Would you please set down, word for word, the lines from the one with "Onam offerings at ITC Grand Chola" through the final line of the data below, omitting any pictures?

■ MATERIAL PROVIDED:
──────────────────────────────

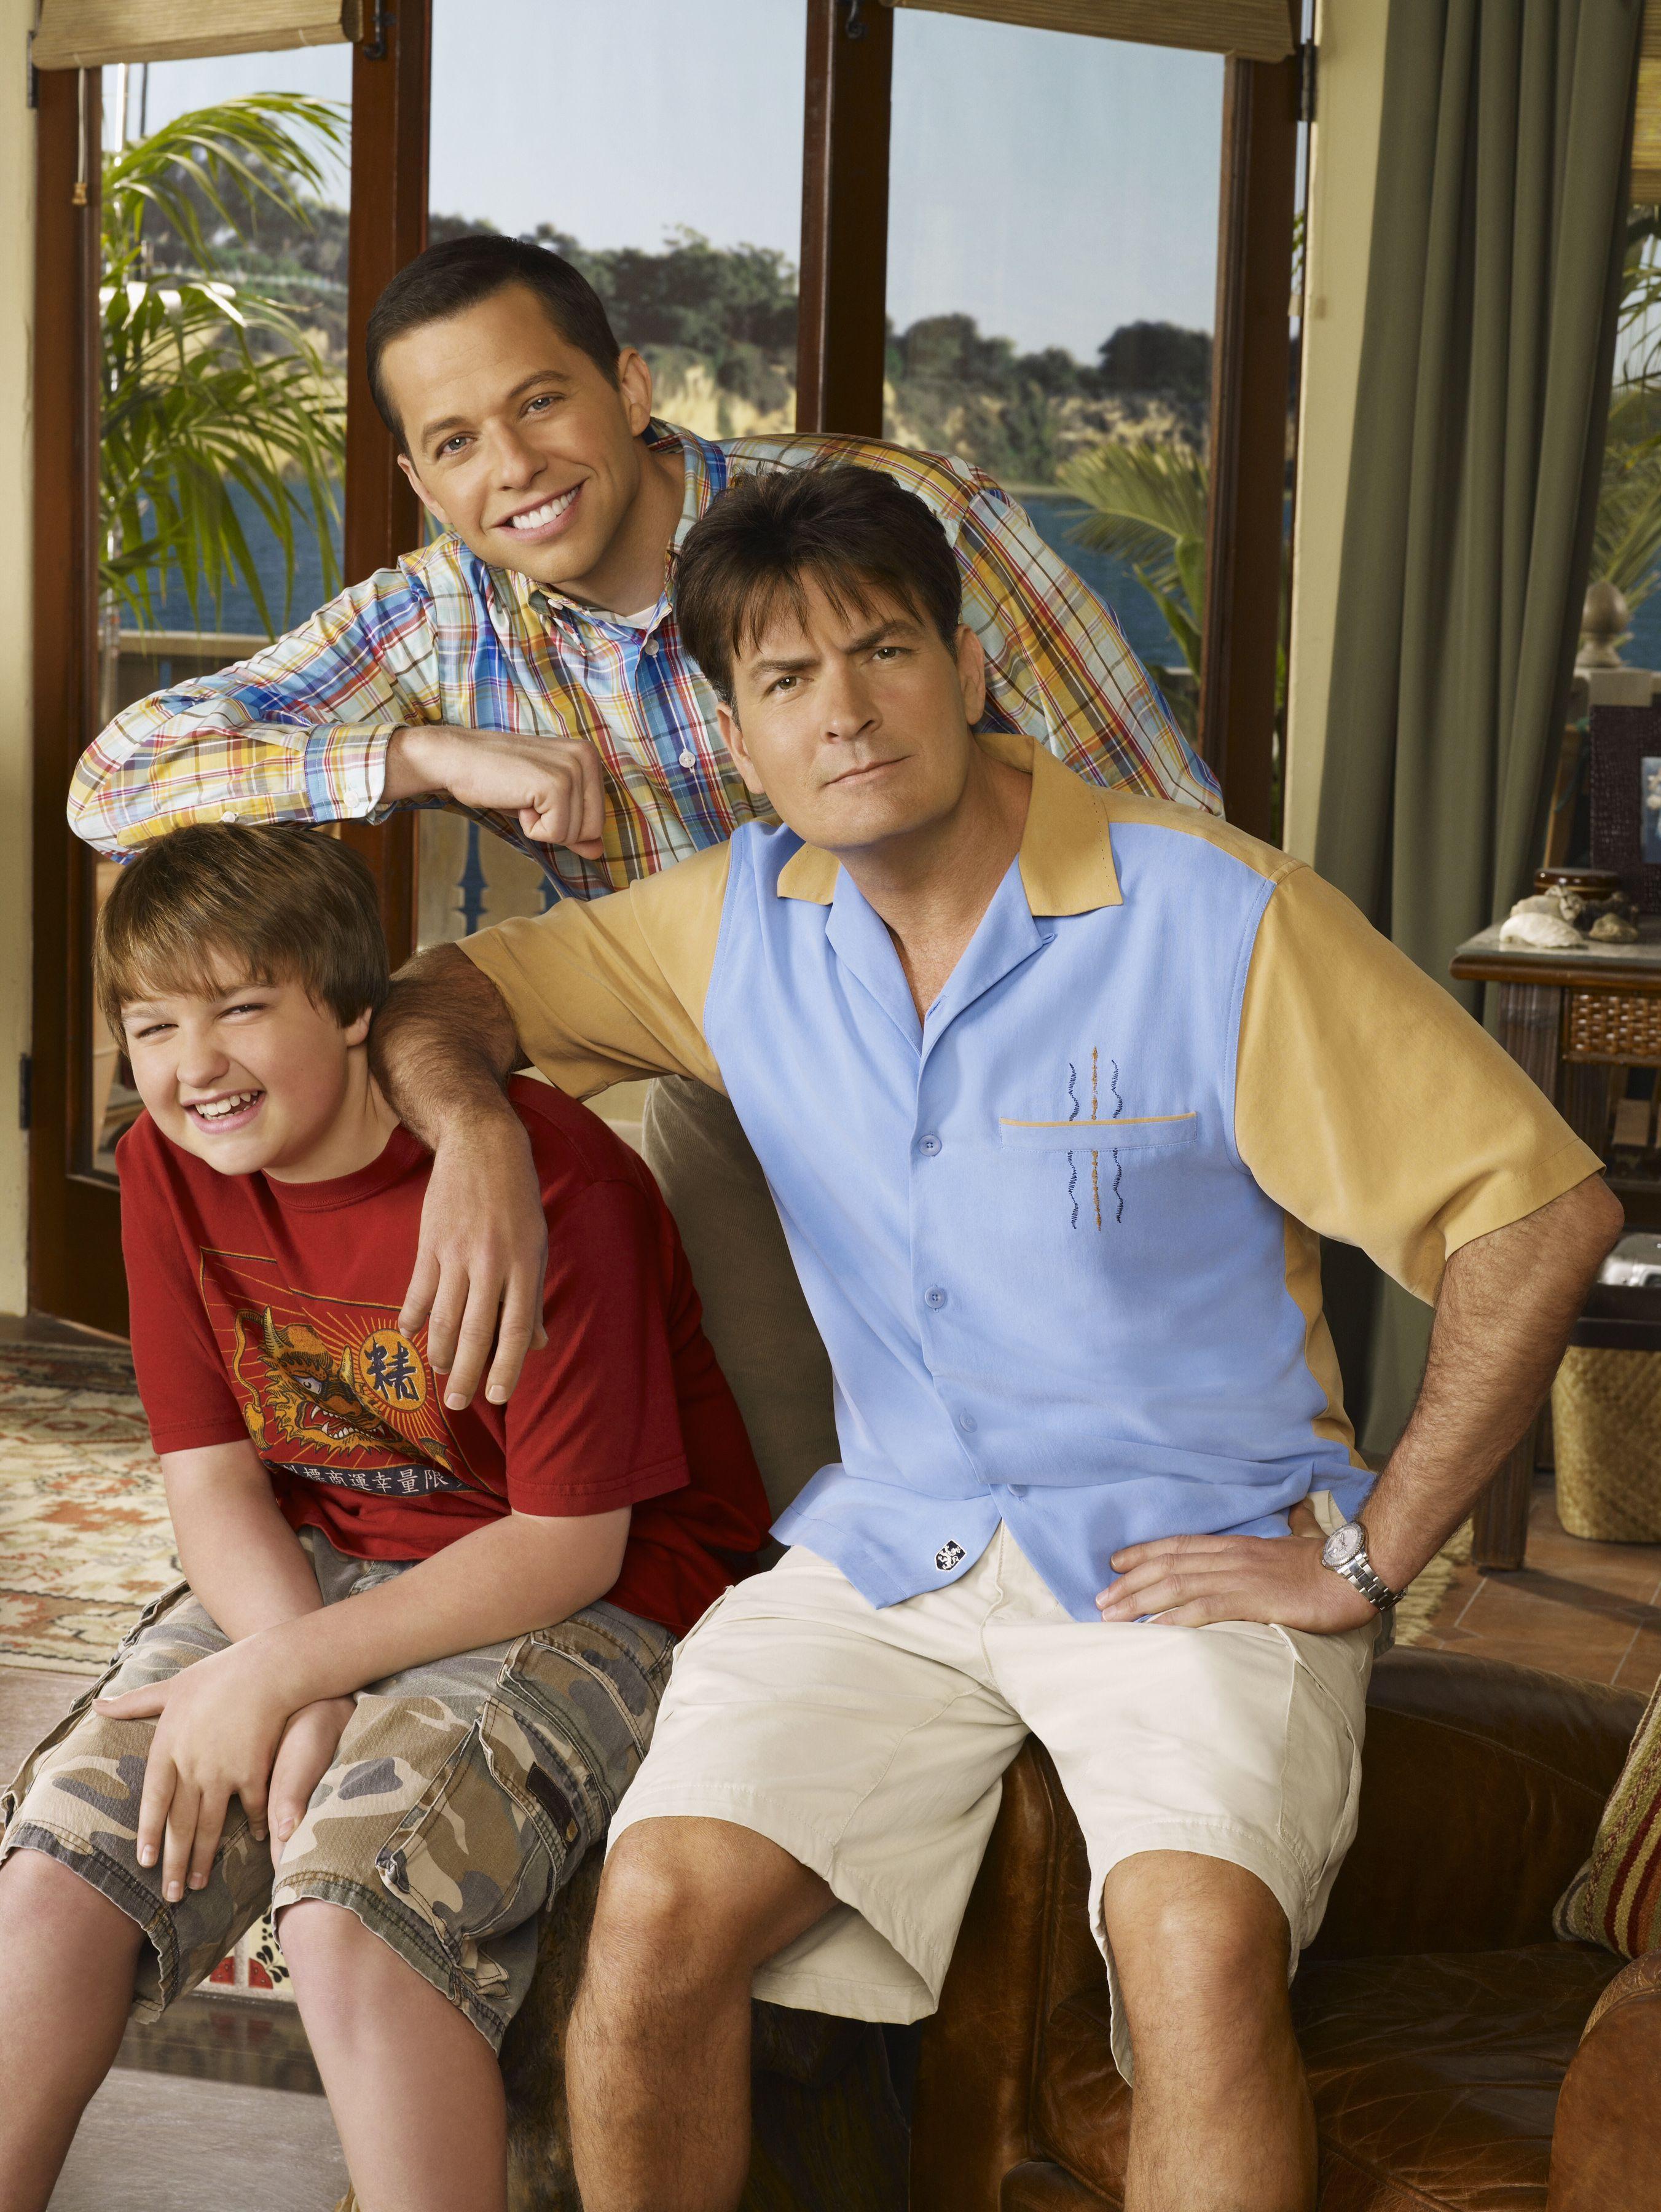 Two and a Half Men Theme Song. Movie Theme Songs & TV Soundtracks
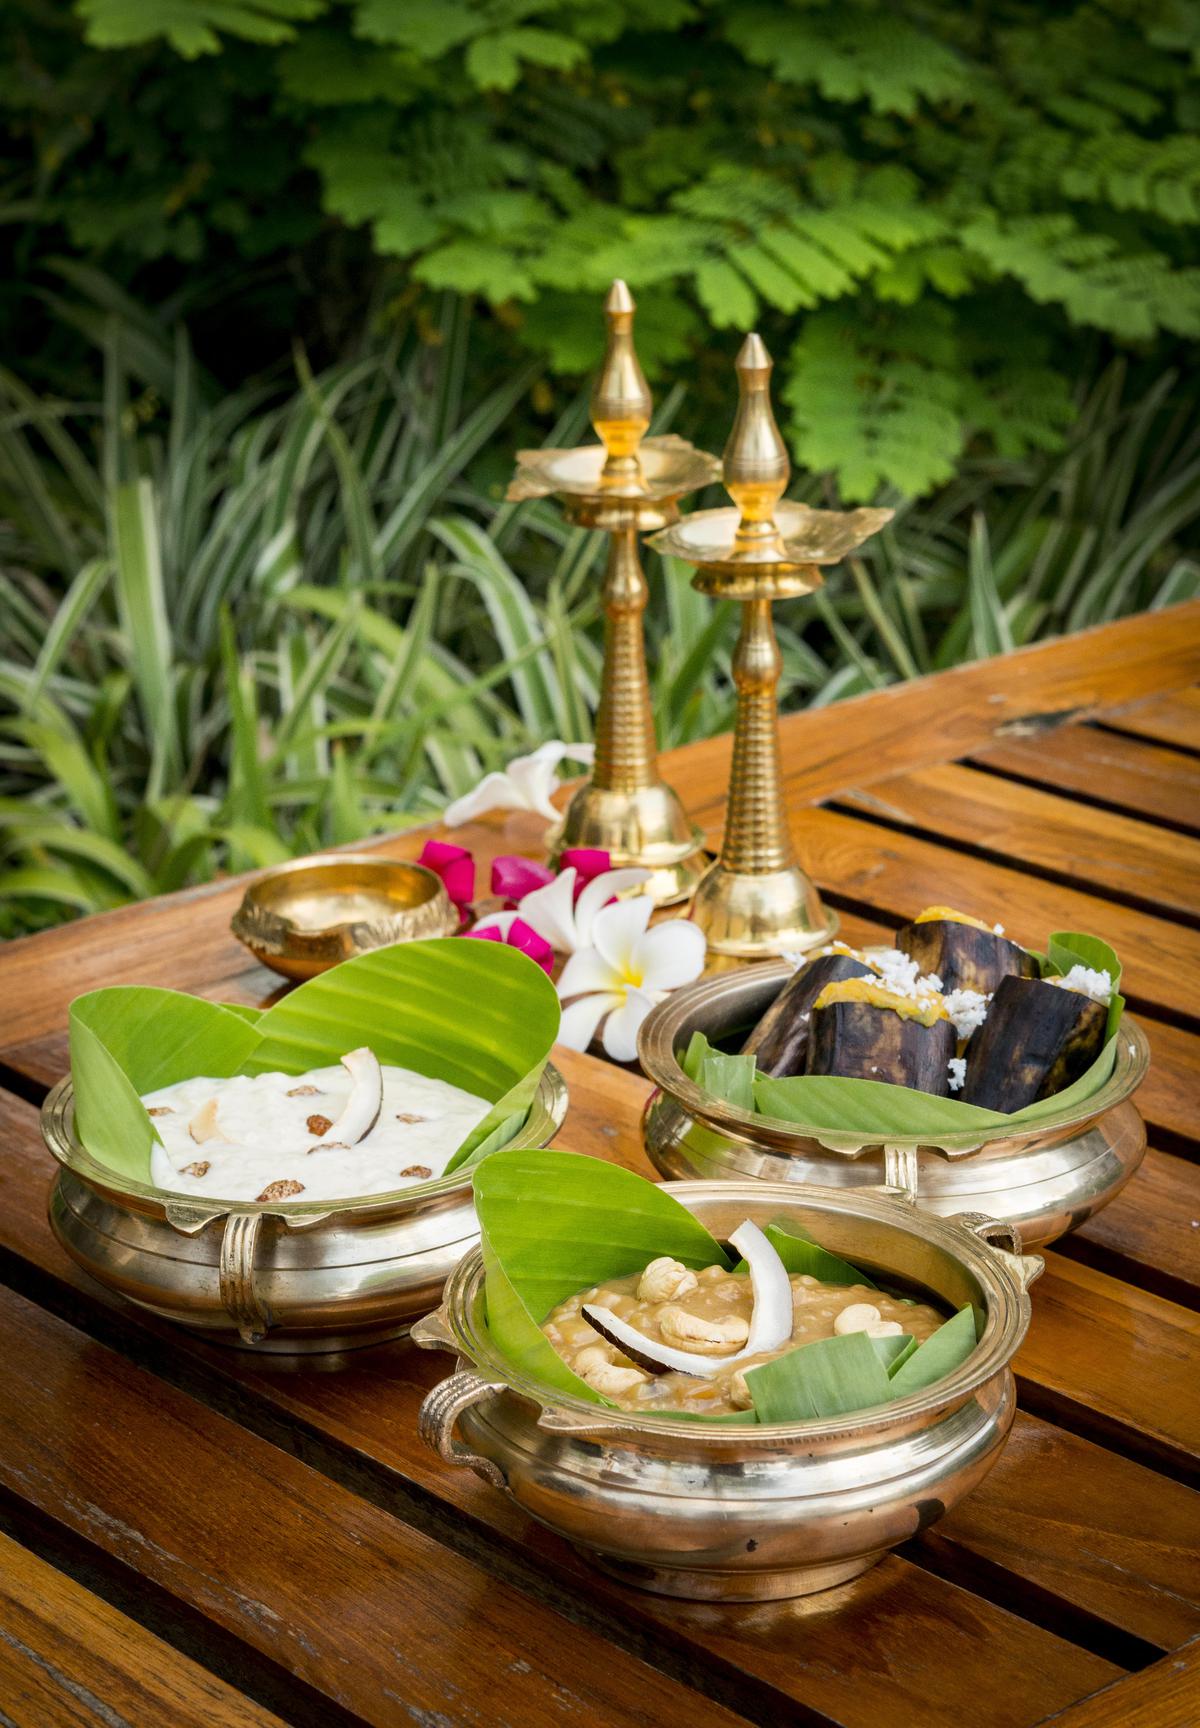 Onam offerings at ITC Grand Chola
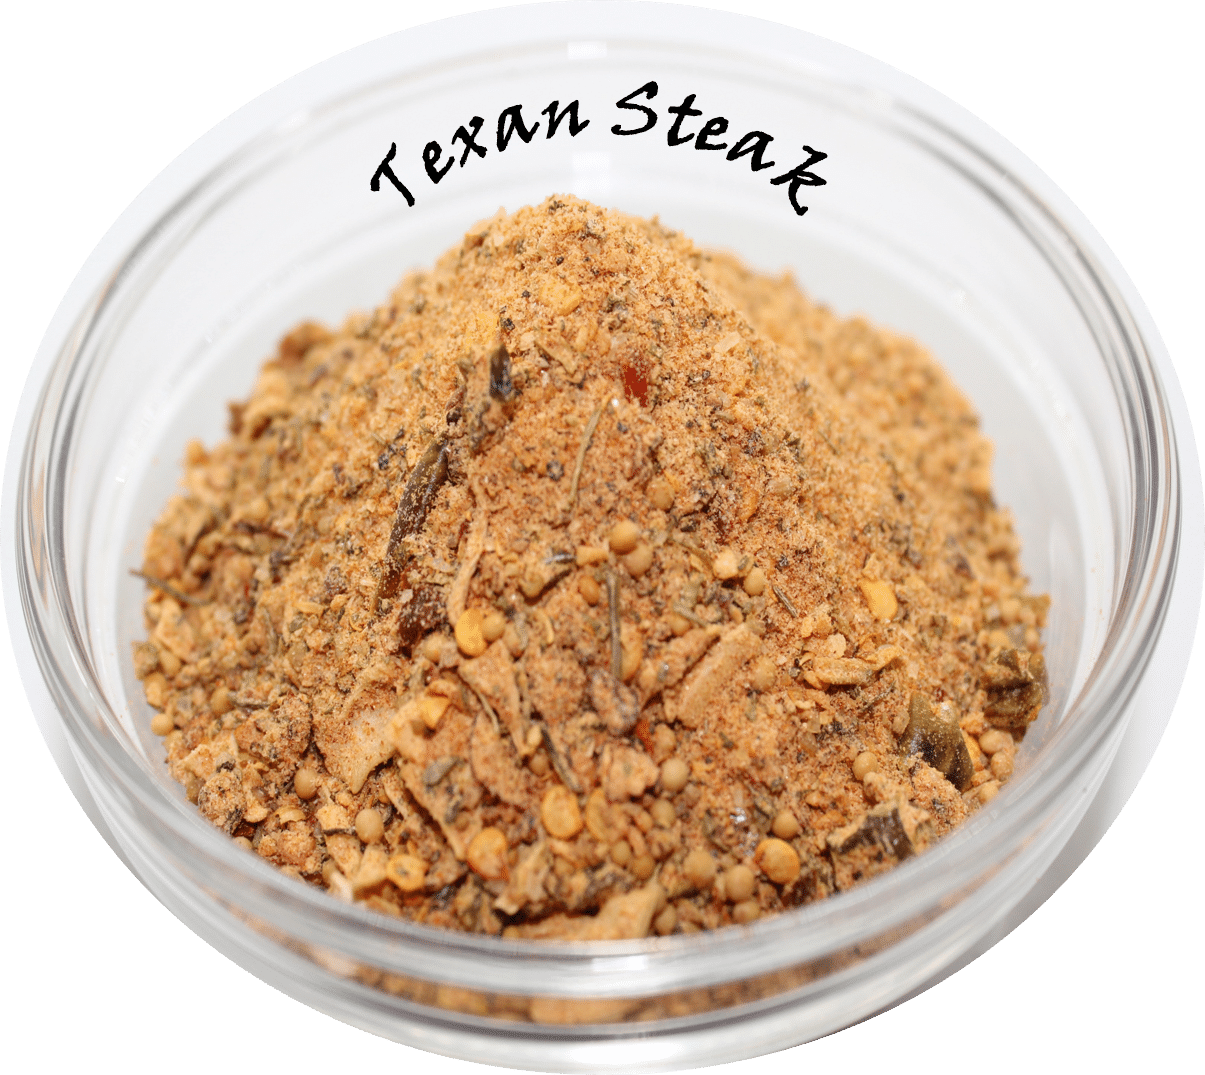 Texan Steak no logo <strong><u>Description: </u></strong> •Legendary steak seasoning with a sweet and slightly aromatic flavour. •Perfect for steaks and meat on the grill!

──────────────────────────────

■ RESPONSE TO THIS EXERCISE:
 Onam offerings at ITC Grand Chola
 Texan Steak no logo <strong><u>Description: </u></strong> •Legendary steak seasoning with a sweet and slightly aromatic flavour. •Perfect for steaks and meat on the grill!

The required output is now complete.